In recent years, one of the Obama Administration’s biggest and best supporters when it comes to open government efforts has been the Sunlight Foundation. But now, the head of that group is openly questioning the administration’s ability to deliver on its promises of data transparency and open government.
“No organization has been more enthusiastic, optimistic, or excited, about gov 2.0 in the area of data transparency than the Sunlight Foundation,” said Ellen Miller, the group’s co-founder and executive director. “In many respects, this administration has gone further and faster than any administration before it, when it comes to efforts at using technology to promote open government. But now, 20 months later, it appears that the drive for data transparency has stalled.”

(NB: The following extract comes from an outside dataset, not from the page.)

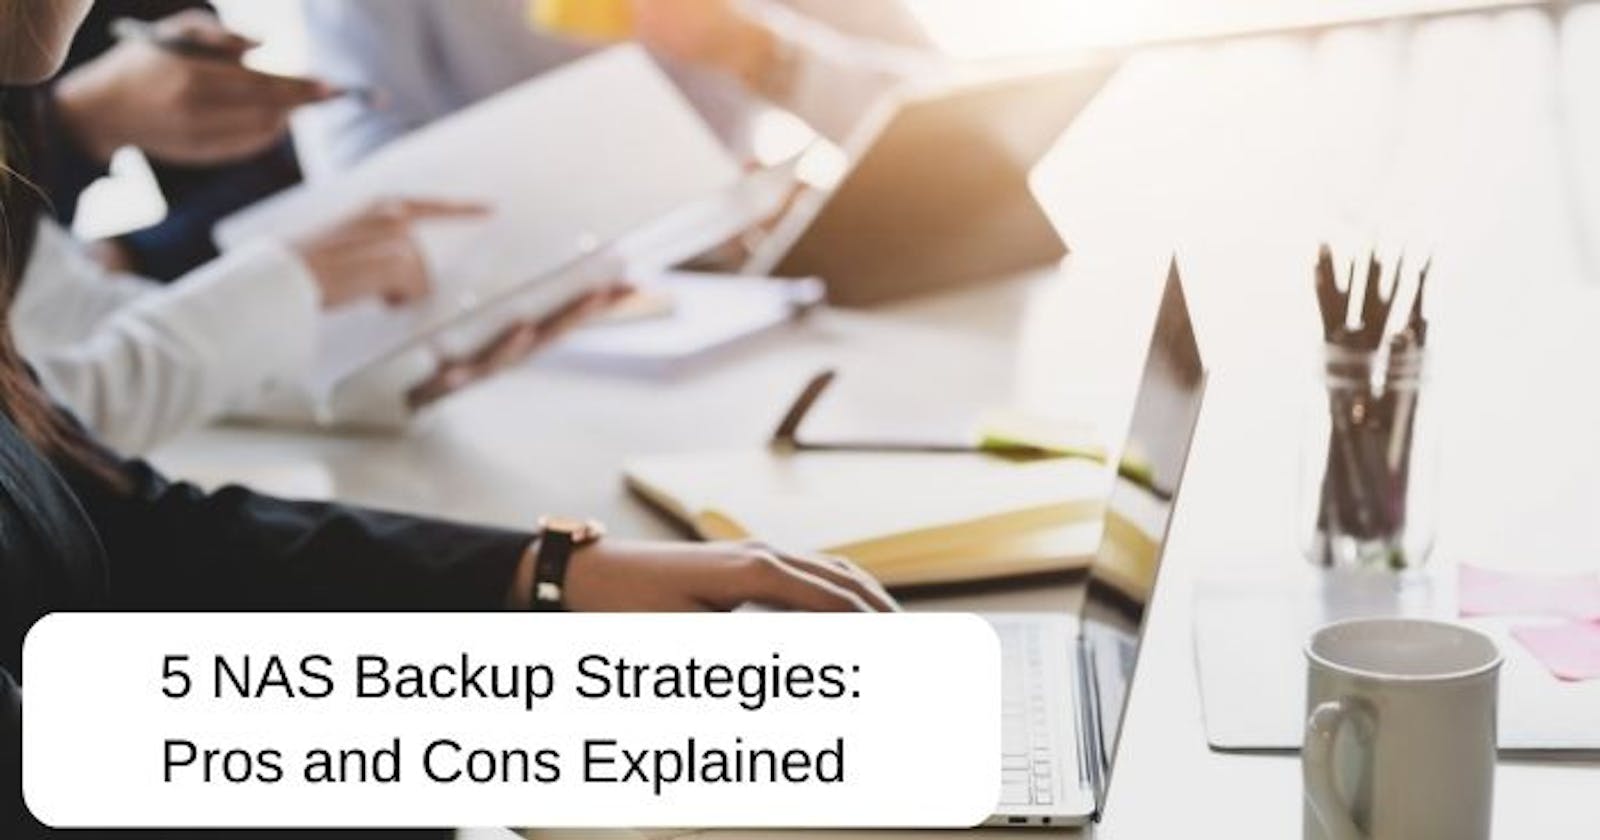 5 NAS Backup Strategies: Pros and Cons Explained

But Miller, who spoke yesterday at the Gov 2.0 Summit, was unstinting in her position that the optimistic start to the administration’s efforts at using technology for transparency, beginning with the Open Government Directive, is suffering from sophomore slump.
“As you may recall, the central thrust of that directive was its insistence that all government agencies create and implement their own open data plans aimed at releasing high value data to the public,” she said. “The plans that resulted, however, were little more than inspirational. And in fact, 12 out of 30 agencies in those plans didn’t list any data for future publication, and all together only 75 new data sets were listed.”
She said that result as “hugely, hugely disappointing.”
Miller also criticized one of the administration’s signature transparency initiatives, Recovery.gov, calling the website designed to track stimulus spending “a qualified success.”
“The idea of collecting job information at the most local level was extremely, overly optimistic, and ended with the Vice President making excuses for the data’s poor quality on ‘The Daily Show,'” she said.
Miller leveled the sharpest criticism at USAspending.gov, the website designed to track agency contract and grant spending.
“It’s already gone through three redesigns, each one flashier than the last, with gradients and maps, and a map-minder tool,” Miller said. “It’s pretty impressive looking, but its data is almost completely useless.”
Miller used her talk to announce that the Sunlight Foundation is launching “Clear Spending”, a new website that is designed to closely scrutinize the grant data in USAspending.gov.
“We found over $1.3 trillion of broken reporting in 2009 alone,” Miller said. “That’s fully half of the spending for that year. Some of the numbers are too big, some of the numbers are too small, and some of them aren’t there at all.”
She added some of the data is missing key information and still other data was filed months after it was required by law.
Miller says she is beginning to wonder if, “the administration is more concerned about style than substance?”
Aneesh Chopra, the federal chief technology officer, and one of the White House’s point people when it comes to the Open Government Initiative, responded to Miller’s speech. He said the administration welcomed her criticism, and that “We need more people like Ellen saying what they want from our initiatives.”
Chopra had come to the Gov 2.0 Summit to officially announce the rollout of Challenge.gov, the new portal for the government’s prize challenge programs. While he had not had a chance to listen to her complete talk, Chopra told Federal News Radio that he nonetheless understands the source of Miller’s frustration.
“We believe we’re doing the best we can in the priorities and goals the President has called out for us,” he said. “Others have different views and different priorities, and that’s part of living in a democracy. I take it as nothing but positive and exciting feedback. We’ve heard it from her directly, we’ll hear it again in this forum.”
Chopra said he would rather have a conversation about “how much more we could do, as opposed to one where they’re saying ‘get started!’ Do I feel happy about what we’re doing? No, we want to do more! We’re hungry, we want it to get done, and we want to do it faster!”